Activity
An exact copy of the records is needed; please leave the images out.

◇ ◇ ◇ ◇

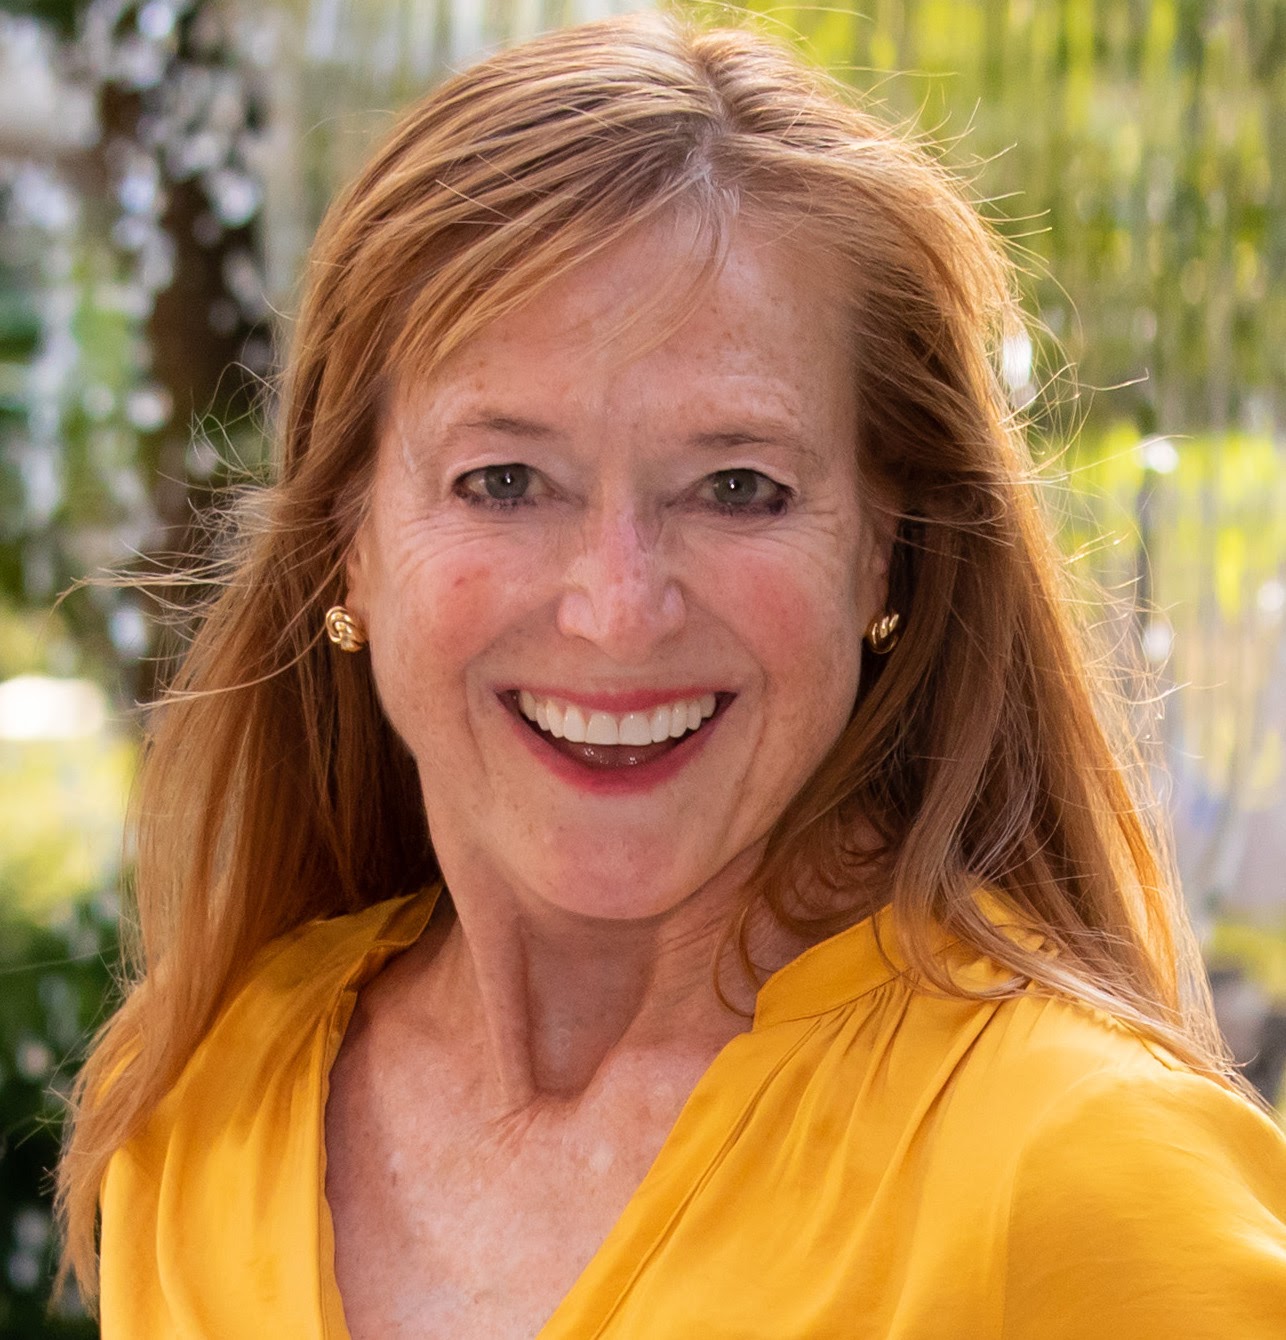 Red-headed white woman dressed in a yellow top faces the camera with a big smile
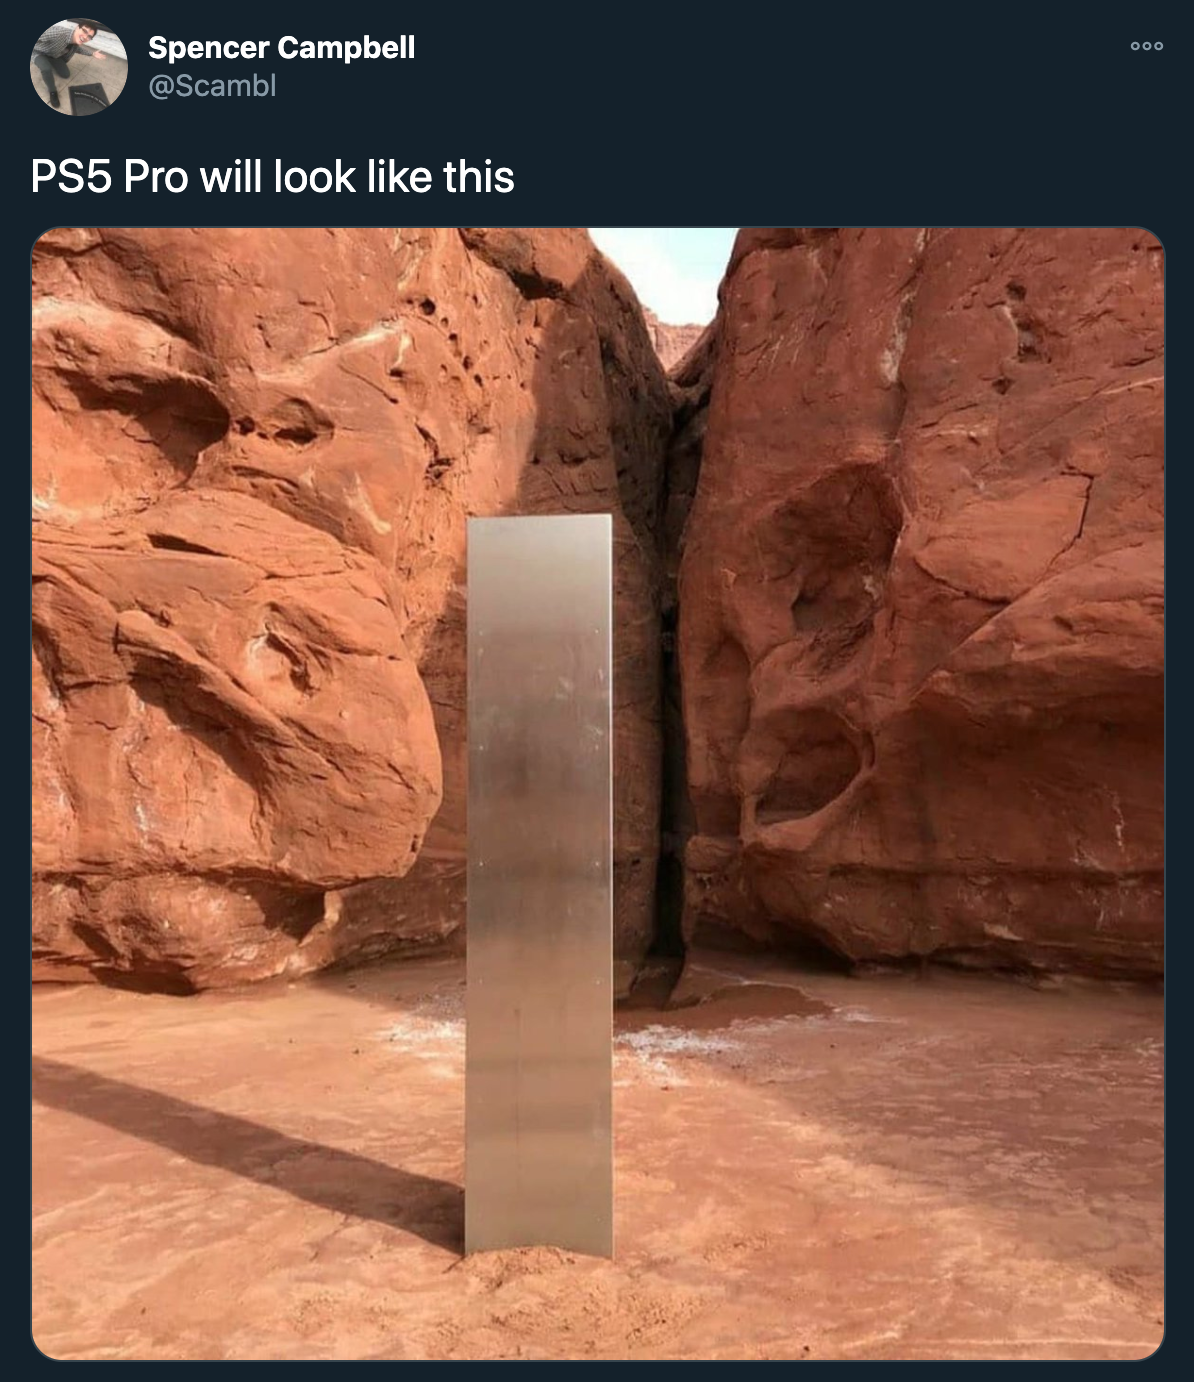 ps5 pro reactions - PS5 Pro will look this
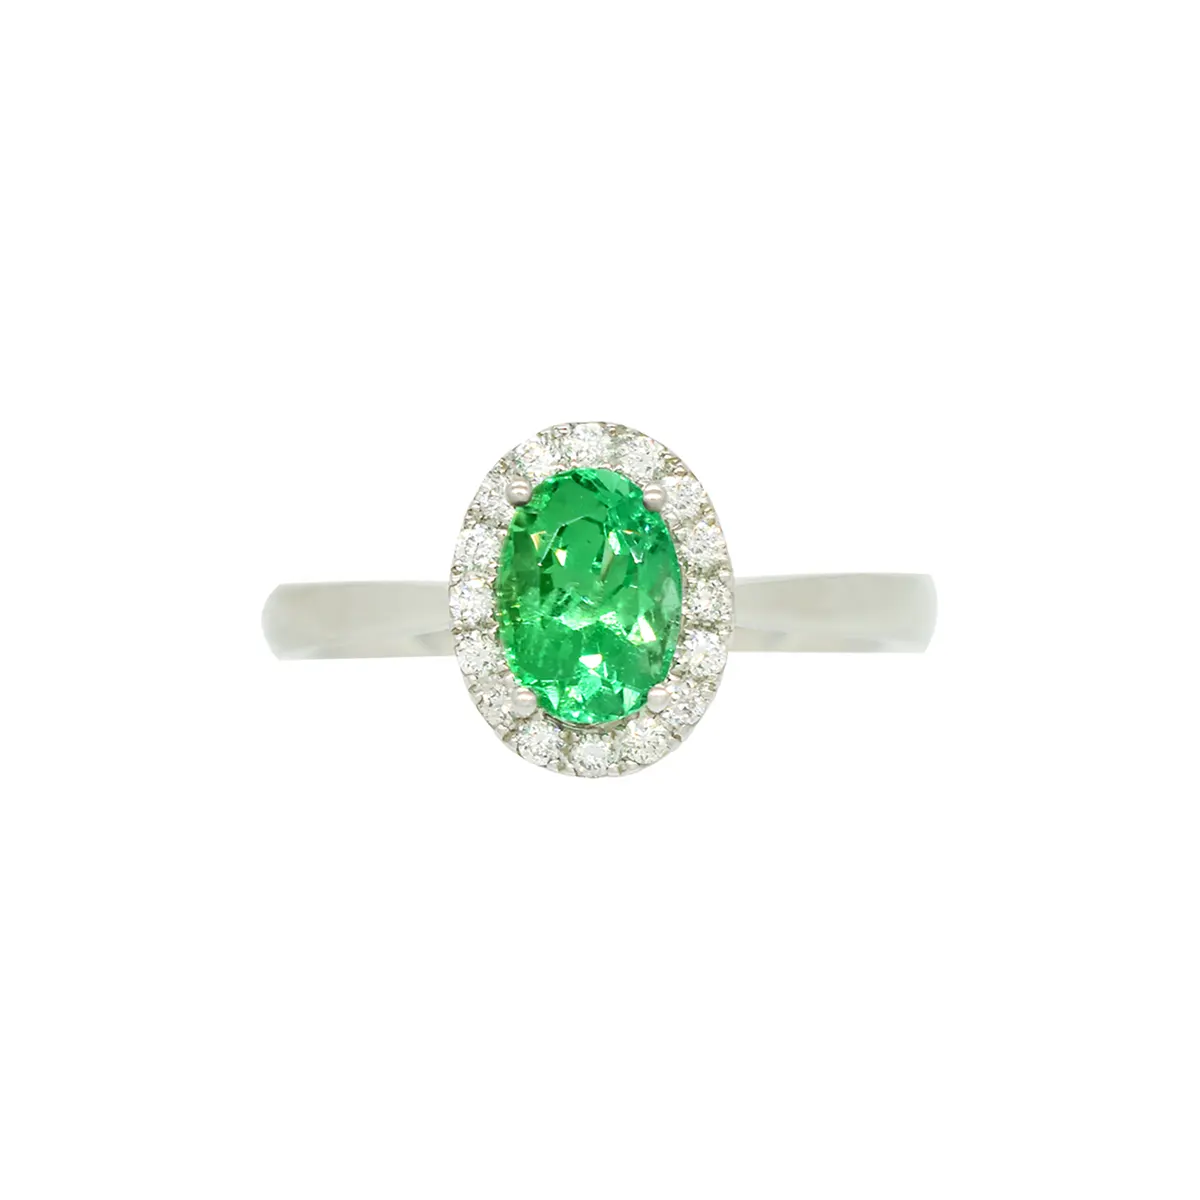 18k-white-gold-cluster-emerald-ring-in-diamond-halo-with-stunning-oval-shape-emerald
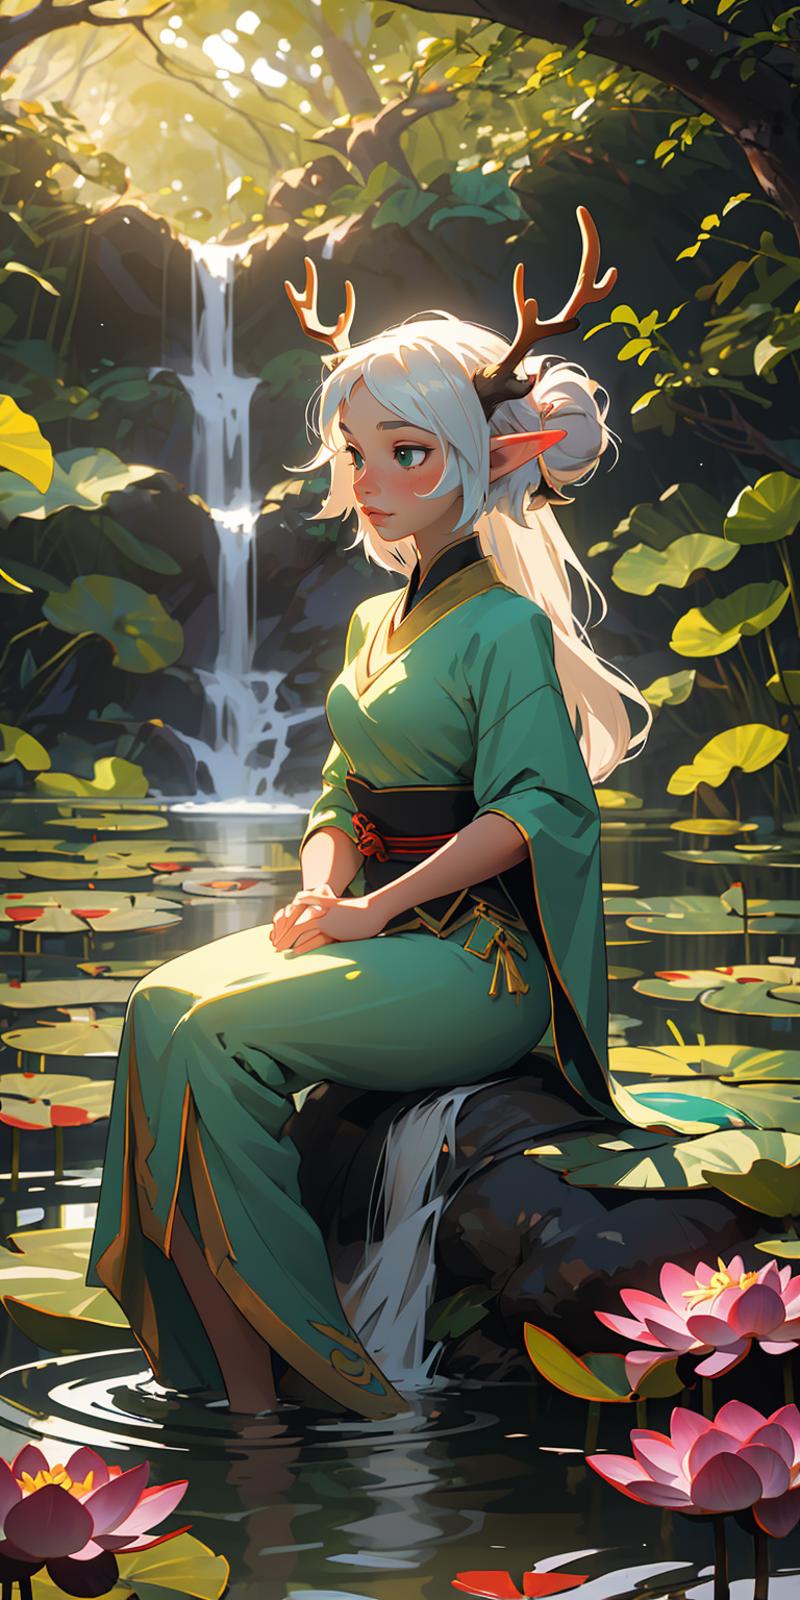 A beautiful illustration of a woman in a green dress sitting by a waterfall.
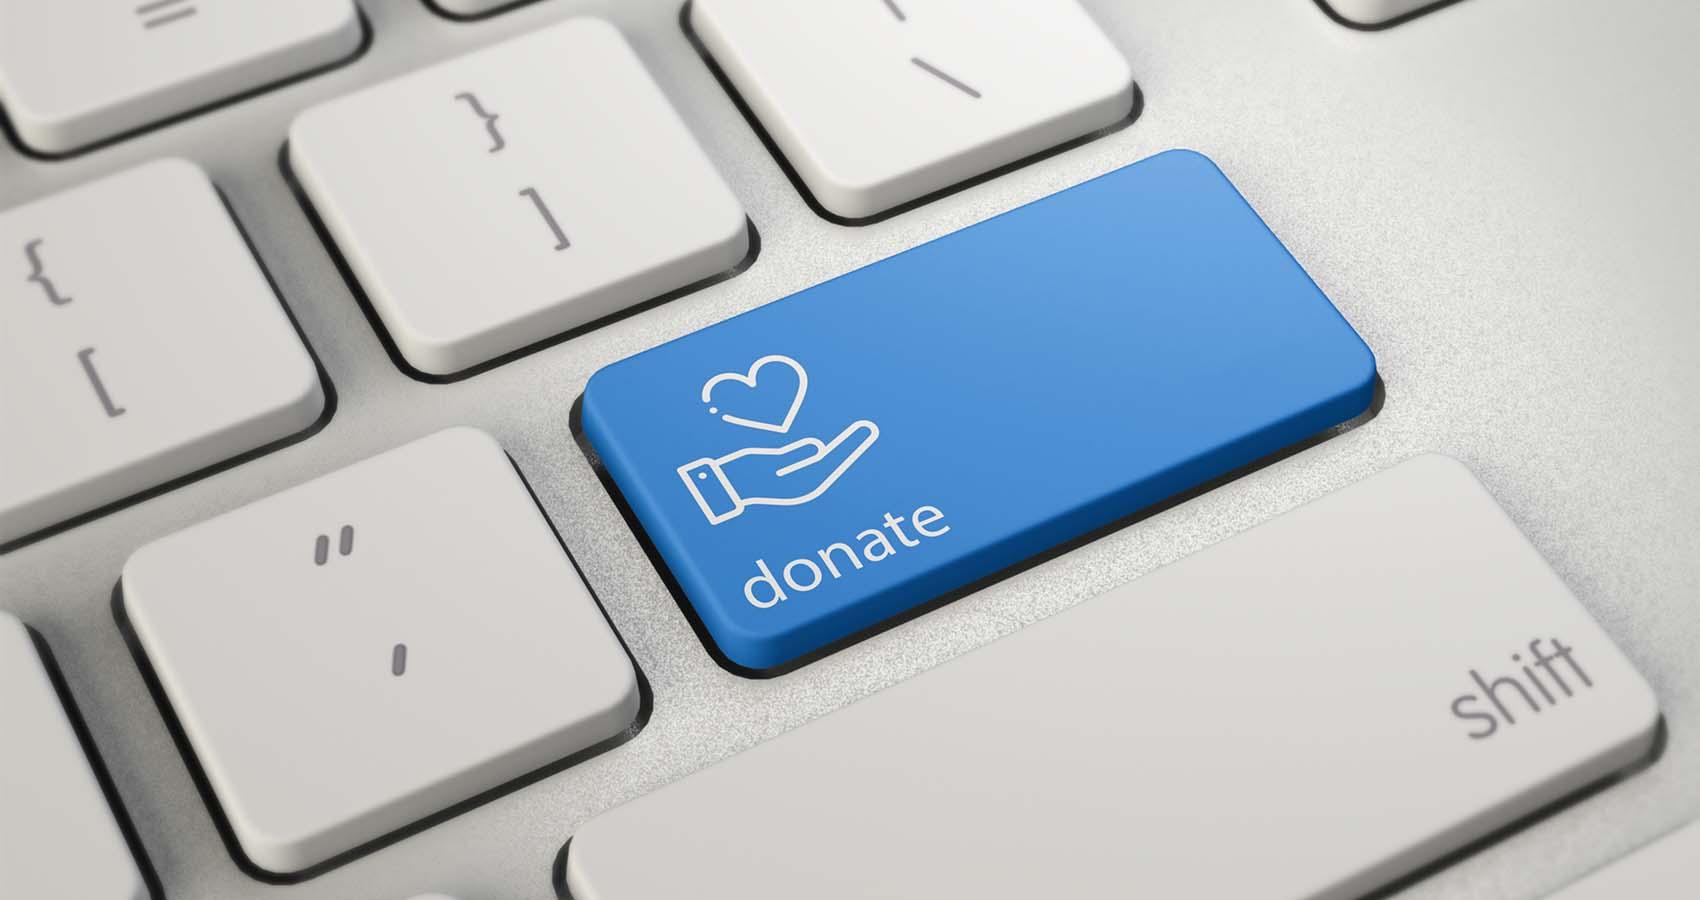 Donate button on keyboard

◇ ◇ ◇ ◇

Output for this exercise
 Red-headed white woman dressed in a yellow top faces the camera with a big smile
 ps5 pro reactions - PS5 Pro will look this
 18k-white-gold-cluster-emerald-ring-in-diamond-halo-with-stunning-oval-shape-emerald
 A beautiful illustration of a woman in a green dress sitting by a waterfall.
 Donate button on keyboard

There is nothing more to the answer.